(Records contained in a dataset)
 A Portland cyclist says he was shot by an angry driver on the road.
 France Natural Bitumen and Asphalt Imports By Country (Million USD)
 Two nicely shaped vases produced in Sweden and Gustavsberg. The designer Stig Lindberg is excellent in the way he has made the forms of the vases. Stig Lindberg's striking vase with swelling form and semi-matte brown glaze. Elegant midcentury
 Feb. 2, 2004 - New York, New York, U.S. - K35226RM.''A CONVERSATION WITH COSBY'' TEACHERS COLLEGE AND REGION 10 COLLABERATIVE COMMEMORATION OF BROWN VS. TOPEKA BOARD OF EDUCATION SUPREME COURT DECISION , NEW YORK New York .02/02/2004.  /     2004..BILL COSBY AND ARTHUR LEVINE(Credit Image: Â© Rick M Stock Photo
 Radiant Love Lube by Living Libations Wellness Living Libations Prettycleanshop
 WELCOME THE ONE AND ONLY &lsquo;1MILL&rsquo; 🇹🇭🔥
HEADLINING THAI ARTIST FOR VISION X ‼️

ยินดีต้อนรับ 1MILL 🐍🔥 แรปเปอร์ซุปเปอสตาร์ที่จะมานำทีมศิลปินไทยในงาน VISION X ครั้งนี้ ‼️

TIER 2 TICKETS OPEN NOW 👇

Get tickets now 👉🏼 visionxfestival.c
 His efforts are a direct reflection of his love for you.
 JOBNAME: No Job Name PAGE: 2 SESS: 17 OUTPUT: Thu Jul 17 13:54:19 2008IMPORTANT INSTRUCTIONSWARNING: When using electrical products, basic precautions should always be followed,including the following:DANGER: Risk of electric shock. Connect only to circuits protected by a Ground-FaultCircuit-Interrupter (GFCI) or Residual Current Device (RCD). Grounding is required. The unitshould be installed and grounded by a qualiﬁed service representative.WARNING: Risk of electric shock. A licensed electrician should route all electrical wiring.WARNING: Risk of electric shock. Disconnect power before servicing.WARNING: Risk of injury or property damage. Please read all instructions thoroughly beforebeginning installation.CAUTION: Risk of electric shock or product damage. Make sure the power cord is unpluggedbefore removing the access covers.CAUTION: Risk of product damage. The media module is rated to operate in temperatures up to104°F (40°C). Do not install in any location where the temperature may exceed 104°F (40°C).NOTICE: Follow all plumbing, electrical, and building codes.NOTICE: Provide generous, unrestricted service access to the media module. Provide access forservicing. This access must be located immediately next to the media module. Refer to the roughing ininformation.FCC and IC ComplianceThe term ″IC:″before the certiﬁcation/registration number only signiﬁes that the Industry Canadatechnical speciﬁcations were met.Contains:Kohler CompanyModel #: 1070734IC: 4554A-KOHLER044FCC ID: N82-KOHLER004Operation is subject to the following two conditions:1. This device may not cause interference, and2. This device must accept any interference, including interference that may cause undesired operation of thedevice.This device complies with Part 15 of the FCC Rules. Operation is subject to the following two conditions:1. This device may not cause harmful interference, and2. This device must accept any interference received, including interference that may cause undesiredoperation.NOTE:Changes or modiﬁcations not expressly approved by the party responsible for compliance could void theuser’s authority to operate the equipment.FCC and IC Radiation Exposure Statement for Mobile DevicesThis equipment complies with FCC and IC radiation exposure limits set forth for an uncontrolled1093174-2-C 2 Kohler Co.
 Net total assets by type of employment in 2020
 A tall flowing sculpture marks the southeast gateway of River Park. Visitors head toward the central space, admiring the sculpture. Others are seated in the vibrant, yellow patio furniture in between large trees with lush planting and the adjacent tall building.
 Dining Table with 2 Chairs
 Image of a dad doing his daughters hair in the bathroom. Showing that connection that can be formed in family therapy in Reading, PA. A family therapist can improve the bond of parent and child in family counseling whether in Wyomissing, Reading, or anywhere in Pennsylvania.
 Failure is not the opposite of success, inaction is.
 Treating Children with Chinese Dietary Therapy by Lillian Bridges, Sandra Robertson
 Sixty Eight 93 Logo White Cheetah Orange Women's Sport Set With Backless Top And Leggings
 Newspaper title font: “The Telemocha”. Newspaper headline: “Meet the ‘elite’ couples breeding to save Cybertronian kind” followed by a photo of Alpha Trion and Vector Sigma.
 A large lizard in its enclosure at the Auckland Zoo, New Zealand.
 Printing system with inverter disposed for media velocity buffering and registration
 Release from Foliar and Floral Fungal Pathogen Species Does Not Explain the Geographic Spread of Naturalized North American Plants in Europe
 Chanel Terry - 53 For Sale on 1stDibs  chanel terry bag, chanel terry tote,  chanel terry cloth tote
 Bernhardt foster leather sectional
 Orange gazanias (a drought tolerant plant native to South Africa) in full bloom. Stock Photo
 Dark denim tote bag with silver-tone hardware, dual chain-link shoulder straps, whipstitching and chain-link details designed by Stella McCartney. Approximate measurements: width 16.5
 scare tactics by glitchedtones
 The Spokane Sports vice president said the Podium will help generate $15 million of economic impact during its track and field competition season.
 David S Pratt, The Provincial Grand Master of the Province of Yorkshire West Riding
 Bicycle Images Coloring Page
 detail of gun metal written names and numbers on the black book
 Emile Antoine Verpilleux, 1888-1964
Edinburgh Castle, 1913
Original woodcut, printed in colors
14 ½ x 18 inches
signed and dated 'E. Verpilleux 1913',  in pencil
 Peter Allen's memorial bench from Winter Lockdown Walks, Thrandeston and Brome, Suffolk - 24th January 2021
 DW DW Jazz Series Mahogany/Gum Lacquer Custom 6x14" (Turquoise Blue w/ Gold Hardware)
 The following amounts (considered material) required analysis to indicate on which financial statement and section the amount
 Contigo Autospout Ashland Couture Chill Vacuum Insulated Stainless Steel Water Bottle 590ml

Exercise description:
Go through the data above line by line, count those that contain the string "Stock", and reply with the count only.

Task solution:
2